Anyway, these three problems are relatively minor, and do not detract from the overall quality of the book. They simply leave me ever-so-slightly dissatisfied, perhaps because my expectations were unreasonably high. I would certainly recommend Haidt's book. I really do feel that it deserves to be read and talked about. There's no doubt in my mind that it deserves a five-star rating. But I'm afraid that the five stars I give it will have to come with an asterisk.
It did so because it had me thinking, reasoning, debating, and yes, evolving for weeks. I am not quite sure if that is part of Haidts intention, even if he says so. I perceived the book more as an appeal to stop thinking too much and trust my instincts instead (like in: to dumb down somewhat), and that's my main problem with this book. Putting more trust in ones instincts might be a good advice in general (as in being less cerebral and getting some stuff done instead), yet I don't think it is a good idea when it comes to politics. Not with all the sound bites, over promises, scare tactics and mud slinging in nowadays politics that might corrupt our instincts.

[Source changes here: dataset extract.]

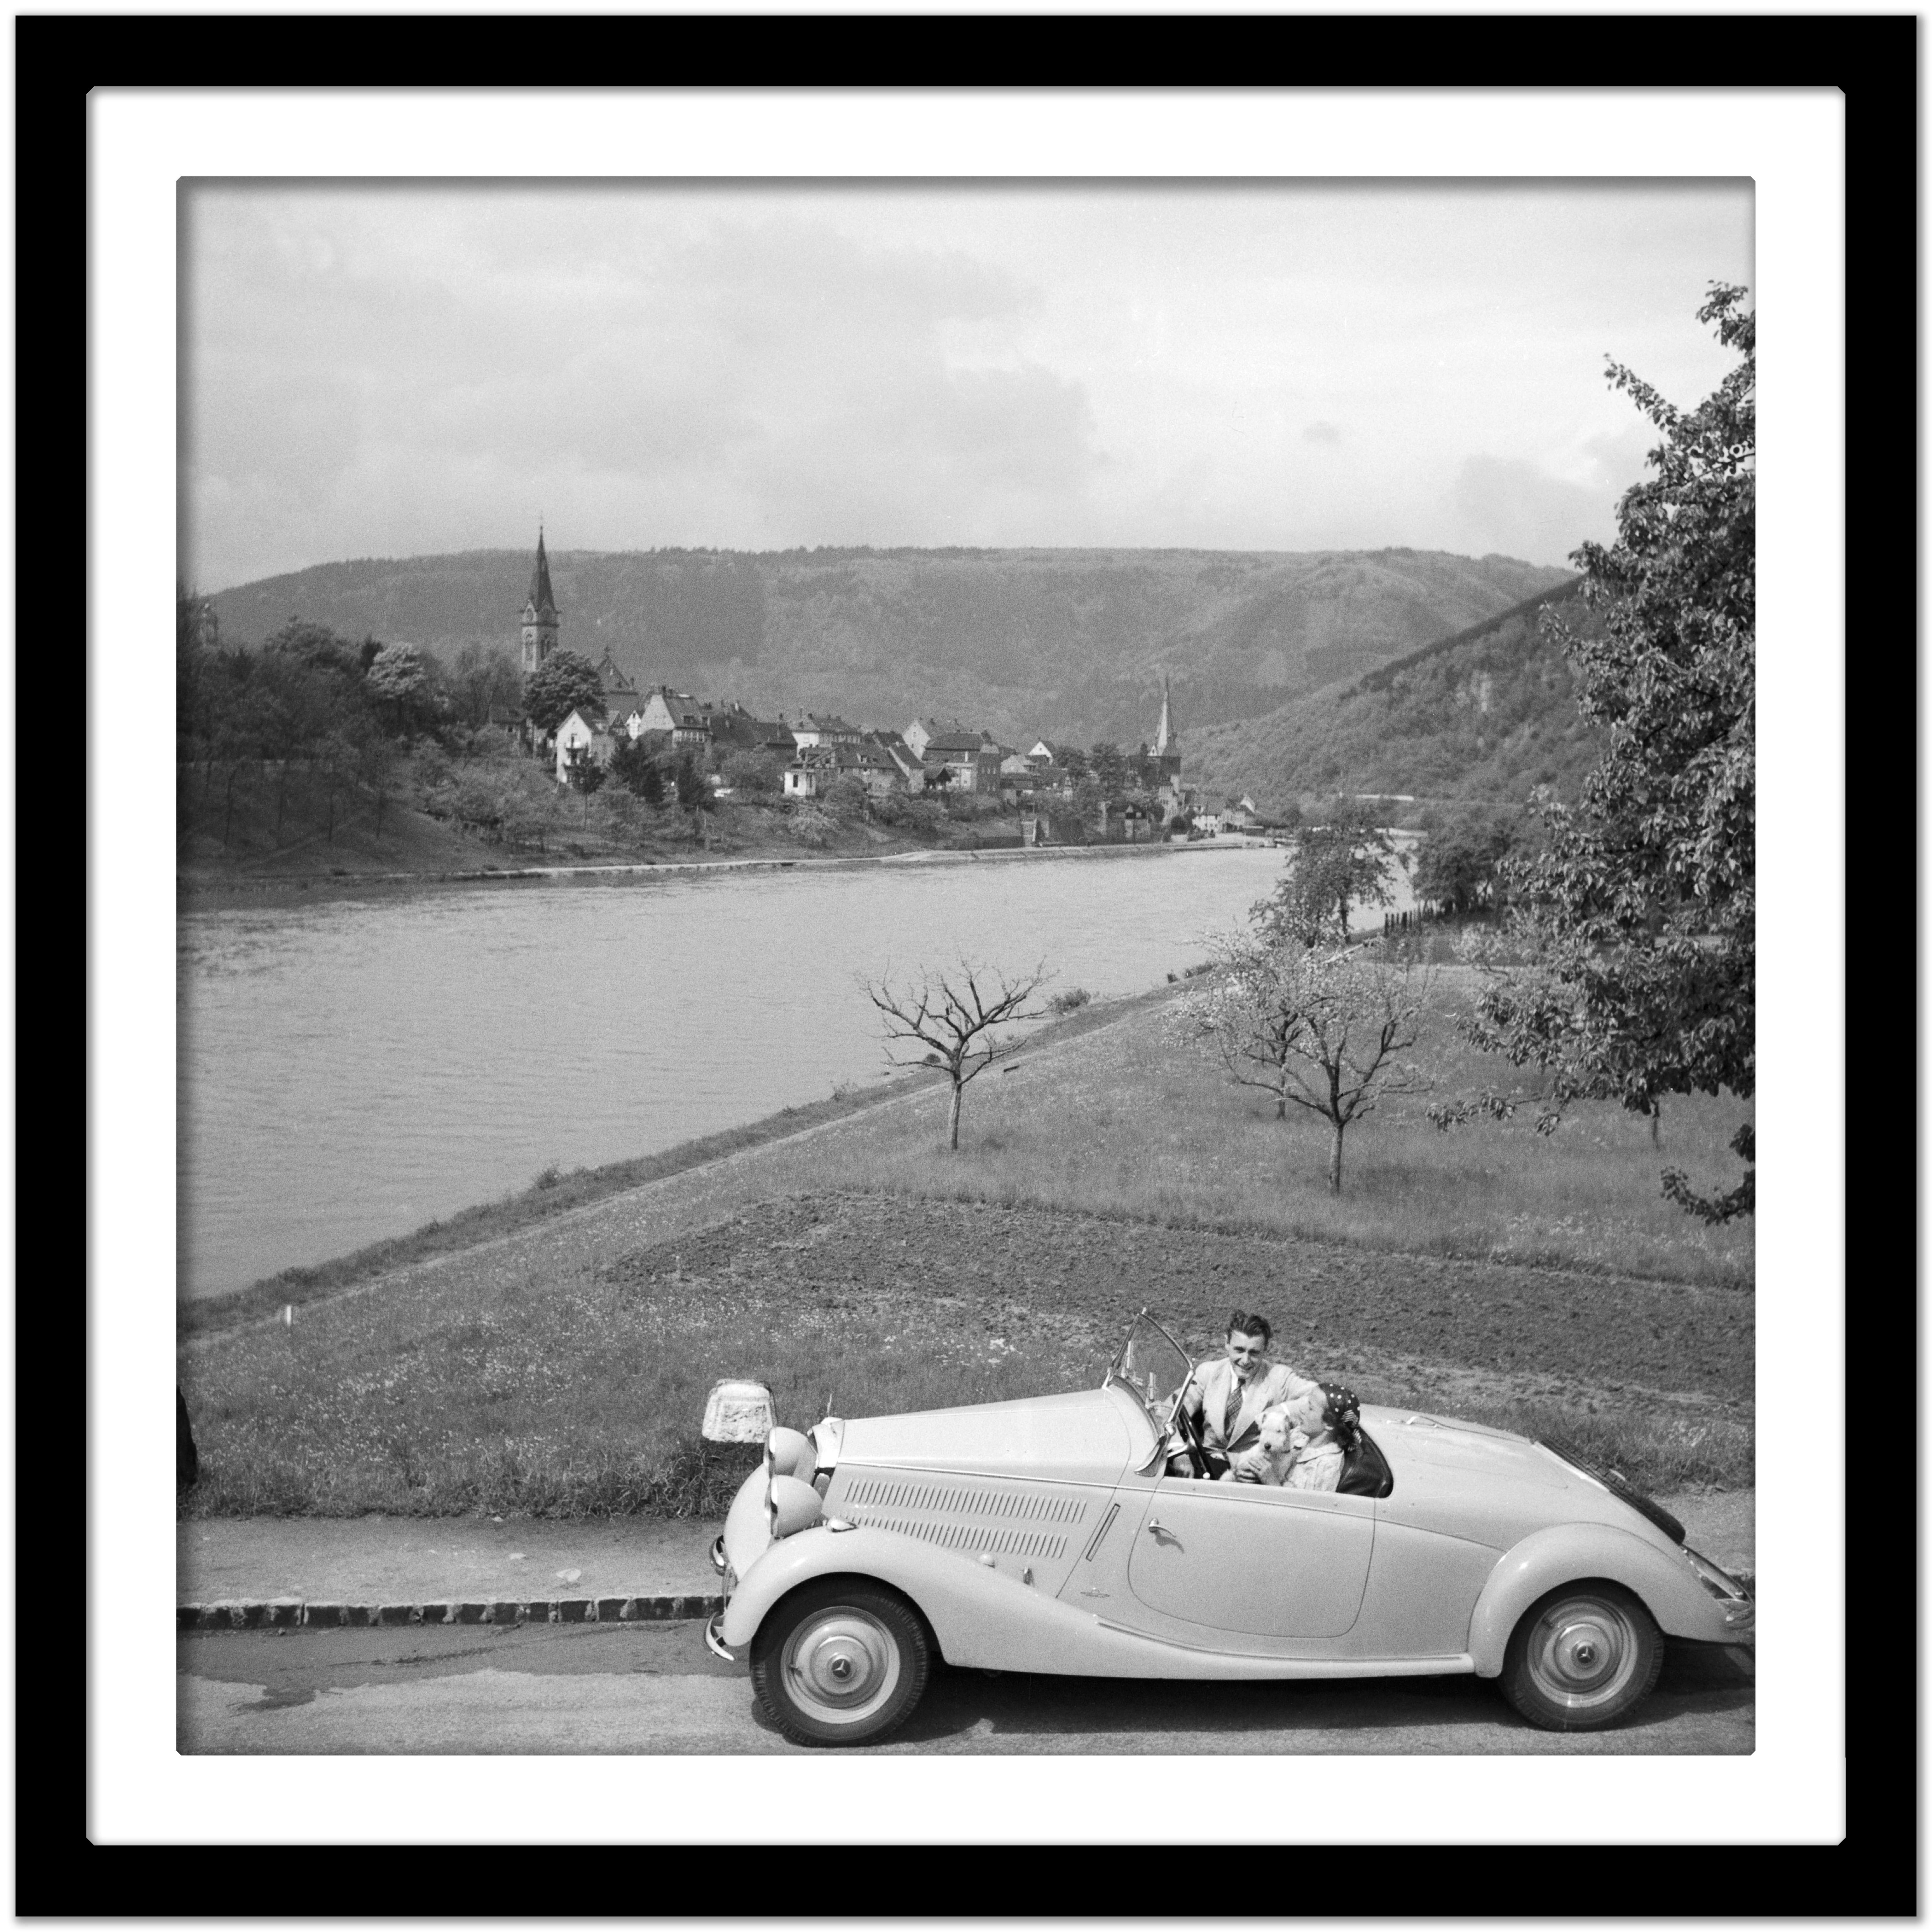 Giong to Neckargemuend by car near Heidelberg, Germany 1936, Printed Later  - Gray Black and White Photograph by Karl Heinrich Lämmel

About the book: Haidt tries to explain why conservatism is more appealing to the broader audience then liberalism. Conservatism is more in tune with emotions and intuition (the elephant part of our human personalities), while liberals address thought and reason (the elephants rider). But because, according to Haidt, the rider doesn't have control over the elephant, and the riders only purpose is to help the elephant justify his actions (like a PR agent), liberals have a harder time to get their messages across. He also claims that conservatism is based on a broader spectrum of morality than liberalism, by putting more emphasis on motions like loyalty, authority, and sanctity, not just 'do no harm' and fairness. He also points out how humans are part chimp, part bee, and that we thrive within groups (beehives), and put personal interests aside for the sake of the group, which can result in extraordinary achievements. Conservatism lines up with this tribal instinct by promoting strong binds to family, community (church), and country (patriotism).
Haidt explains how he discovered that conservatives are 'on to something', because they tend to be happier with life and 'get more stuff done'. He thinks that left and right balance each other out for the greater good, that both sides should show more tolerance and respect, and that fundamentally both sides are not that different in their goals and values as it seems.
Here is where I disagree:
Conservatives are generally happier and get more stuff done, Haidt says. Conservatives know how to activate the beehive switch, which turns selfishness into groupishness, enabling humans to achieve great things. I think he sneaks in a bit of judgement here. Beehives are good and useful, but in my opinion the whole argument sounds less pleasant if you replace the beehive with an anthill or termite colony. Germans made that discovery after world war II. Post war german historians came to the conclusion that german citizens didn't exercise their moral responsibilities to take a more critical look at their 'beehive', turning a blind eye for the sake of self serving groupishness. So I believe it is the responsibility of each and every individual to make sure that the 'beehive' doesn't turn into a wasp nest. Because our national hive is wide spanning and complex, we need the help of the rider to make such assessments.
Haidts elephant/rider analogy sounds convincing at first glance, but it doesn't make all that much sense to me on second thought. If the riders only job is to act as a PR agency for the elephant, with the only purpose to justify any kind of action the elephant takes, but otherwise having no say in were the elephant goes, than what's in it for the rider?? If an an elephants strength and power cannot be directed and channeled in any meaningful way, it is pretty much useless to the rider, so why would he bother? I believe Haidt got it wrong here. Also, elephants in the wilderness don't look for a rider, why would they? Unless they find a good reason, but elephants don't reason, riders do. Riders have the ability to foresee the potential advantage in domesticating an elephant. Riders have imagination, elephants don't.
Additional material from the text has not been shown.